Despite the remarkable capabilities of modern crime laboratories, fiscal imperatives often prevent optimal use of forensic DNA profiling of searching the existing databanks. For example, in individual cases funding shortages typically limit the number of evidentiary exemplars from being thoroughly examined. What effect this has on the result of individual cases is unknown. In old unsolved cases, this lack of DNA extraction obviously precludes the DNA profiles from being entered into the crime scene index. Because of these funding and staff shortages, searching the DNA profiles against the profiles obtained from other solved or unsolved cases, or against the profiles of known offenders, cannot be performed. Thus, many unsolved or cold cases languish in the archives of crime labs, waiting for that tenacious investigator, committed forensic scientist, or concerned family member to reactivate the case. Fortunately, in the U.S., federal funding has allowed for some backlog reduction to be accomplished, but other factors prevent such action in many cases. This is indeed unfortunate in light of the recidivistic nature of many offenders. Moreover, the powerful exculpatory power of DNA profiling and the possibility of exoneration remind us of the need not to ignore certain cases in which DNA profiling was never performed.

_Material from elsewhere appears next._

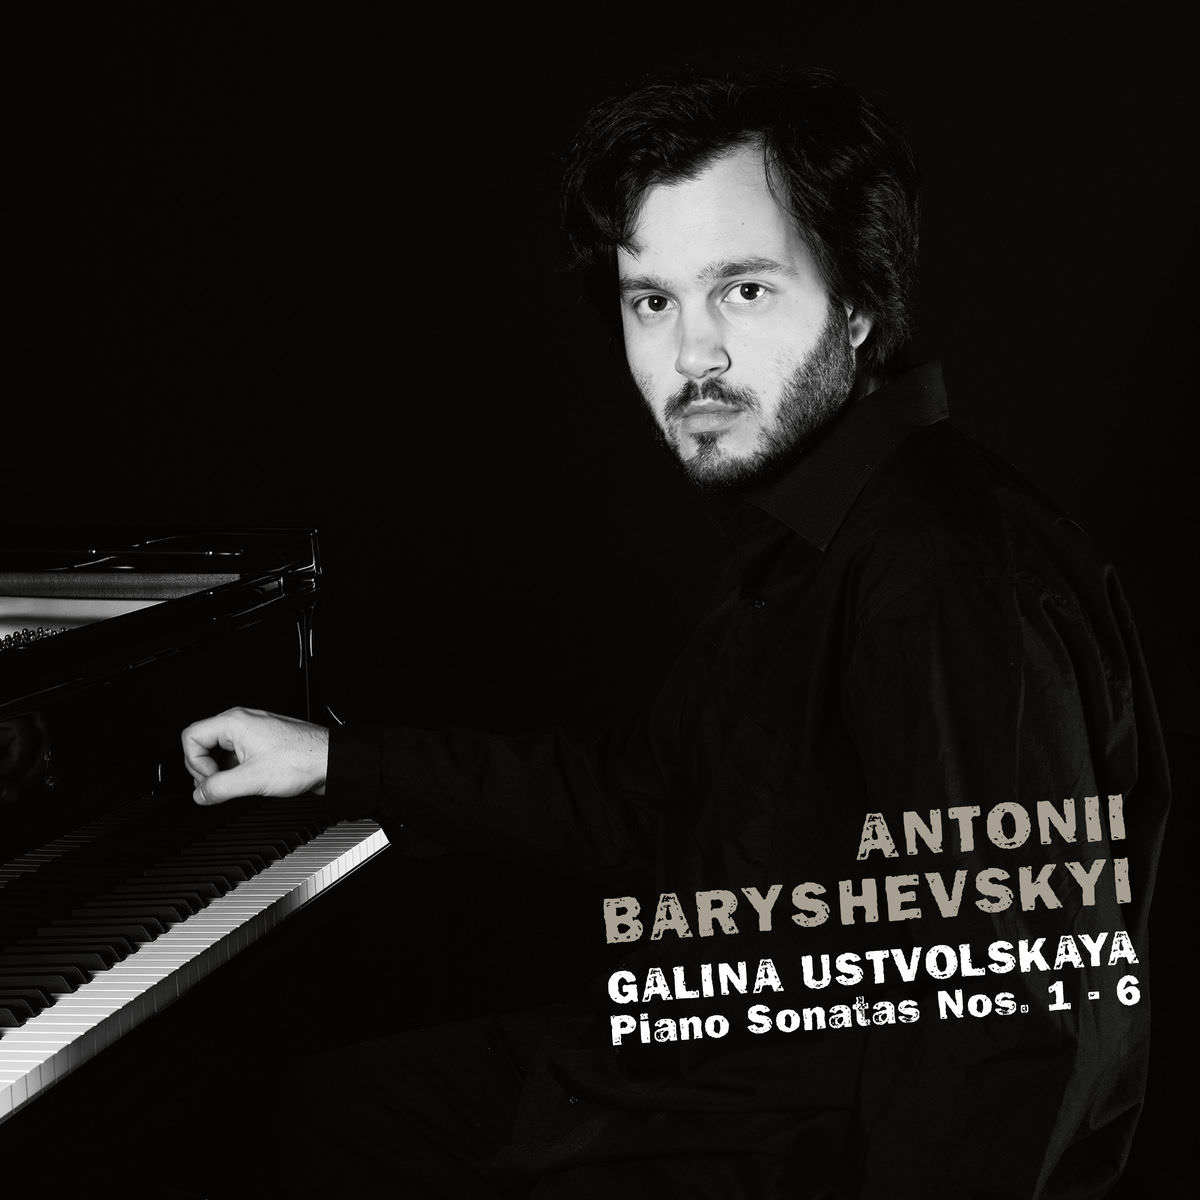 Antonii Baryshevskyi - Galina Ustvolskaya: Piano Sonatas Nos. 1 - 6 (2017) [FLAC 24bit/48kHz]
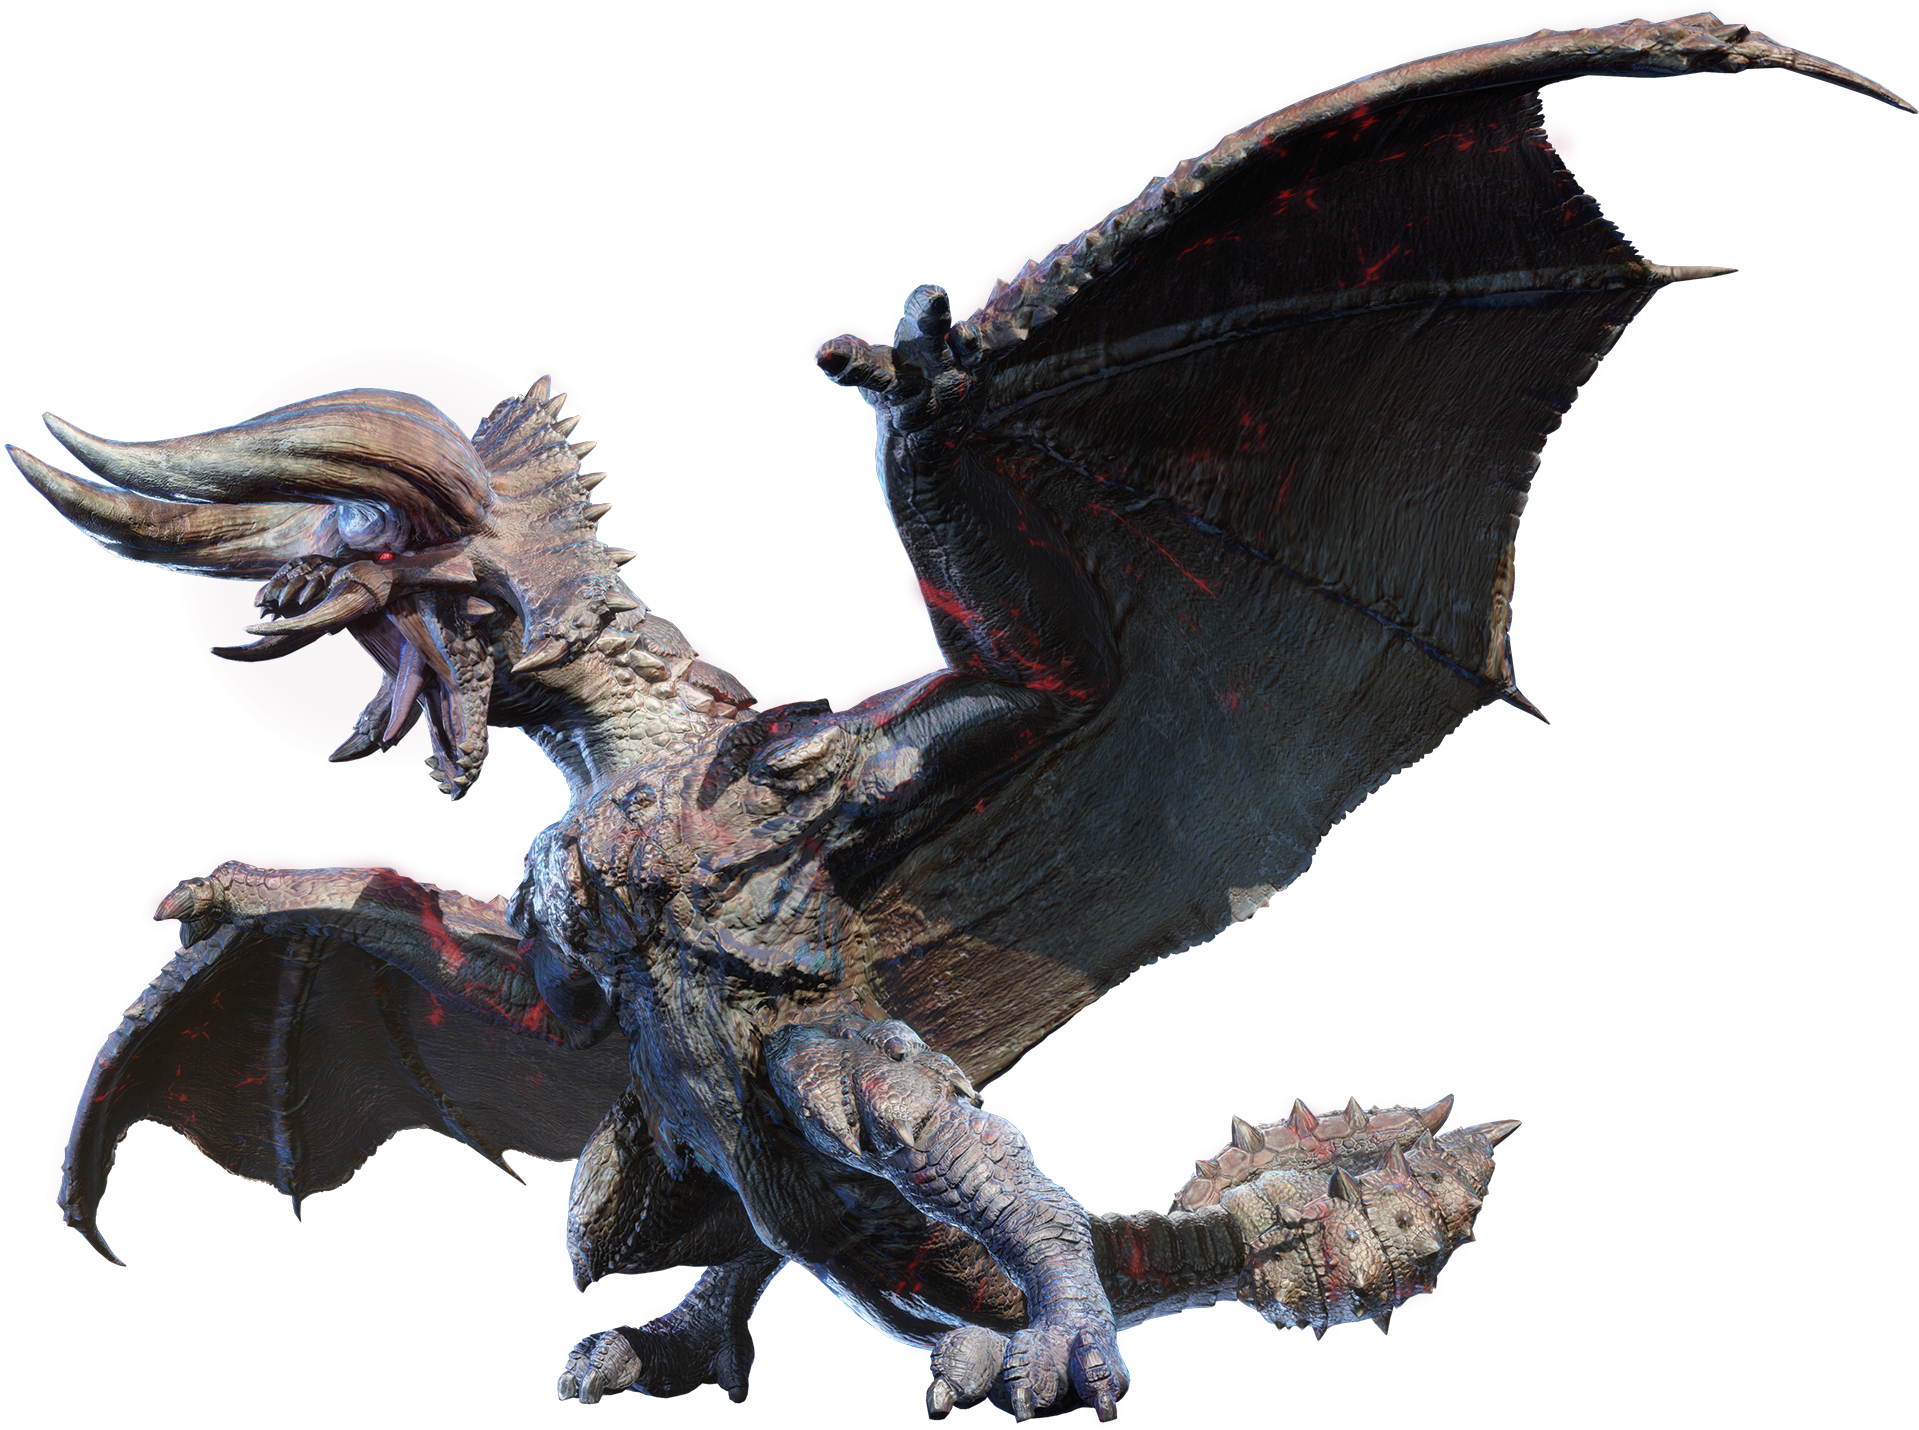 Diablos/Monster Hunter World, Monster Hunter Wiki

Several practical matters account for the tremendous backlog in working old unsolved cases that might benefit from modern DNA analysis. The first is a shortage of qualified examiners in the crime labs. Even though advances in computer robotics and sample tracking software have eliminated many hours of tedium in the handling and processing of samples, the initial examination of evidence, selection of which exemplars to test, and the interpretation of results requires highly skilled individuals, whose work will be scrutinized in the courts. Second is the fact that difficulties with proper evidence storage may prevent successful extraction of DNA years later. Once adjudicated, case crime scene evidence is very often stored properly in crime labs or police storage facilities under carefully controlled conditions. However storage practices are highly variable and sadly key evidence that may have been untested may be more haphazardly stored in less than ideal conditions, or even discarded, preventing current or future technologies from being applied in retrospective analysis. Very recently, legislative proposals have been offered in several U.S. states to require that all evidence that might contain DNA be stored indefinitely.